Ex-FBI Agent Goes To Trial

In Miami, Prosecutor Tells Story Of Murder And Corruption; Defense Rejects Claims

The Hartford Courant by EDMUND H. MAHONY - September 16, 2008

MIAMI — Former star FBI agent John J. Connolly is accused of one notorious murder, but before prosecutors finished their opening statement to jurors at his trial Monday, they promised to link him to three more and an audacious plot by Boston gangsters to muscle their way into the jai alai industry. It seemed, as prosecutor Fred Wyshak led the jury through about three decades of crimes, that Connolly was at the periphery of all of them. Connolly, accused of murder and conspiracy for setting up the 1982 assassination of former World Jai Alai president John B. Callahan, is corrupt and self-serving, Wyshak said. More to the point, he said, Connolly spent a career working in secret for the criminals he was sworn to stop.

"You have heard that the defendant was an FBI agent," Wyshak said. "You will hear that he was a corrupt FBI agent. You will hear that he gave information to gangsters who used that information to protect themselves and to kill people. And one of those people was John Callahan." Connolly "was just another member" of the Winter Hill Gang, Wyshak said. He hung out with gang leaders James "Whitey" Bulger and Stephen "The Rifleman" Flemmi. He vacationed with them. Over the years, they paid him about $250,000, Wyshak said. "If the gang made a big score, the defendant got a cut," Wyshak told the jury.

Manuel Casabielle, Connolly's lead defense lawyer, dismissed the argument and repeated Connolly's claim that he is a victim of misinformed prosecutors and gangster-witnesses who will say anything for a break on their own sentences.
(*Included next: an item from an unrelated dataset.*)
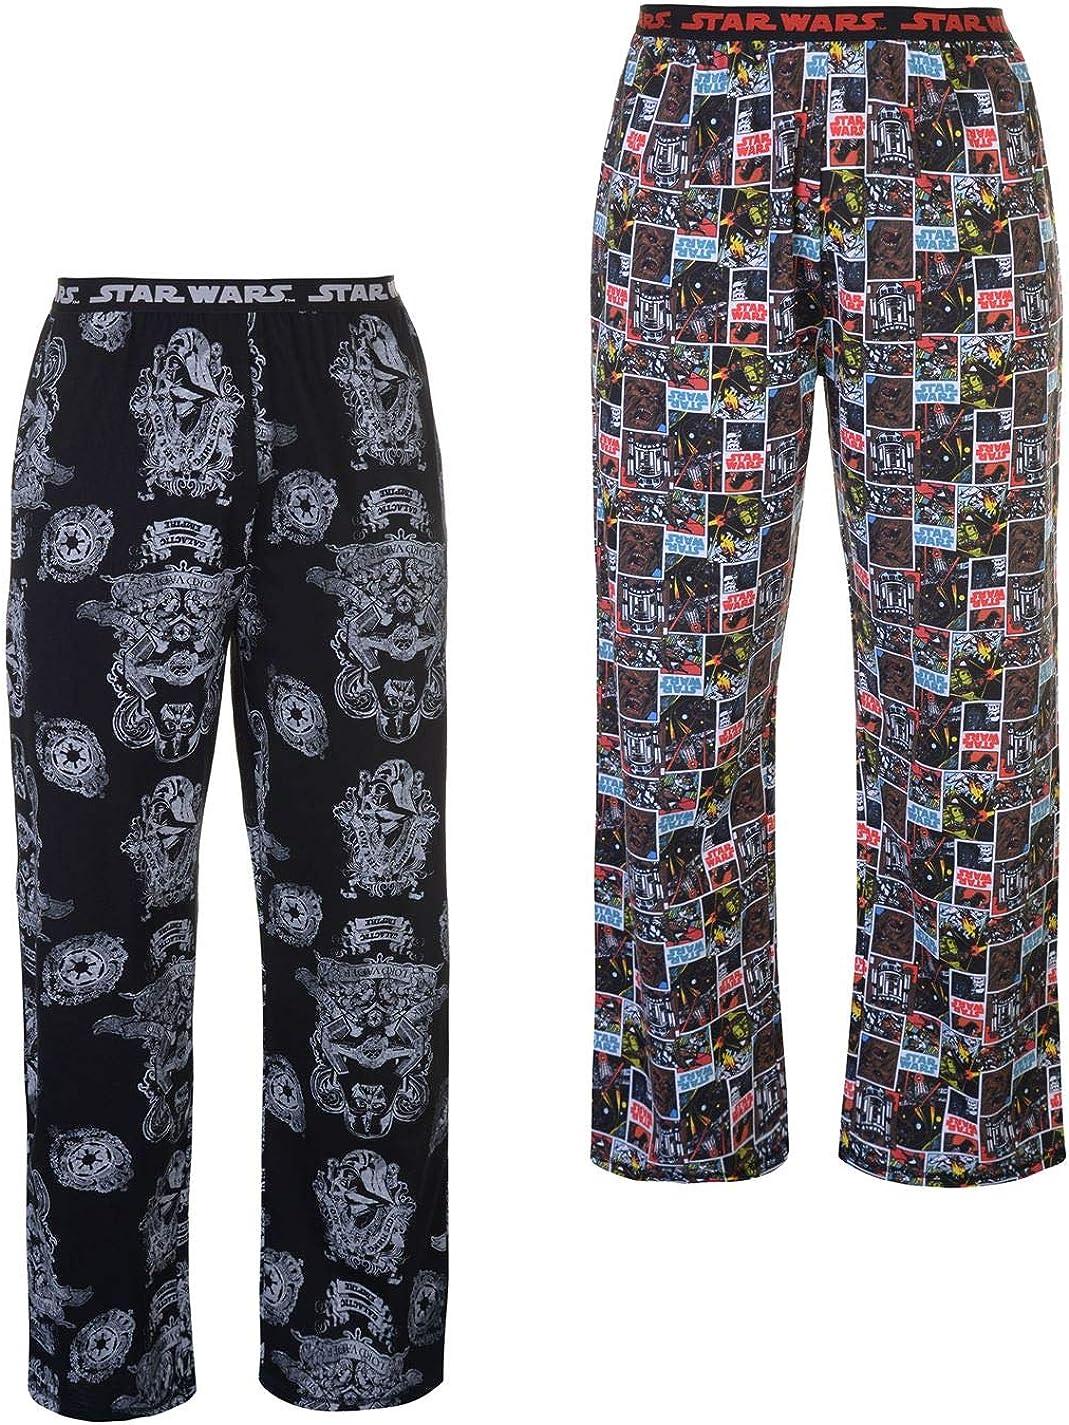 Star Wars, X-Large Mens 2 Pack Star Wars Lounge Pants Pyjamas Pj Bottoms Trousers Cartoon Adults Nightwear

He accused prosecutors of hitting Connolly with just about every major felony in Boston over more than a quarter century in the hope that something sticks. Connolly never told Bulger and Flemmi who in the underworld was informing against them. Connolly didn't have to, Casabielle said, because the two gangsters invariably learned on their own. When one of the victims mentioned by Wyshak became an informant in the early 1980s, Casabielle called it "the worst kept secret in Boston."

The defense lawyer said Connolly recruited Bulger and Flemmi as informants and used them to "decimate" the Italian mafia in New England. Connolly is looking at life in prison, his lawyer said, in part because he has been caught in a political and law enforcement dispute over whether multiple murderers like Bulger and Flemmi should be used as informants against other criminals. "It's not fair to take a bunch of mud and throw it at an individual and hope some of it sticks," he said. "And that's exactly what they are doing in this case." Wyshak called Connolly the Winter Hill Gang's informant. He said whatever information gang members gave Connolly was designed to eliminate their competition for drugs, gambling and extortion in New England.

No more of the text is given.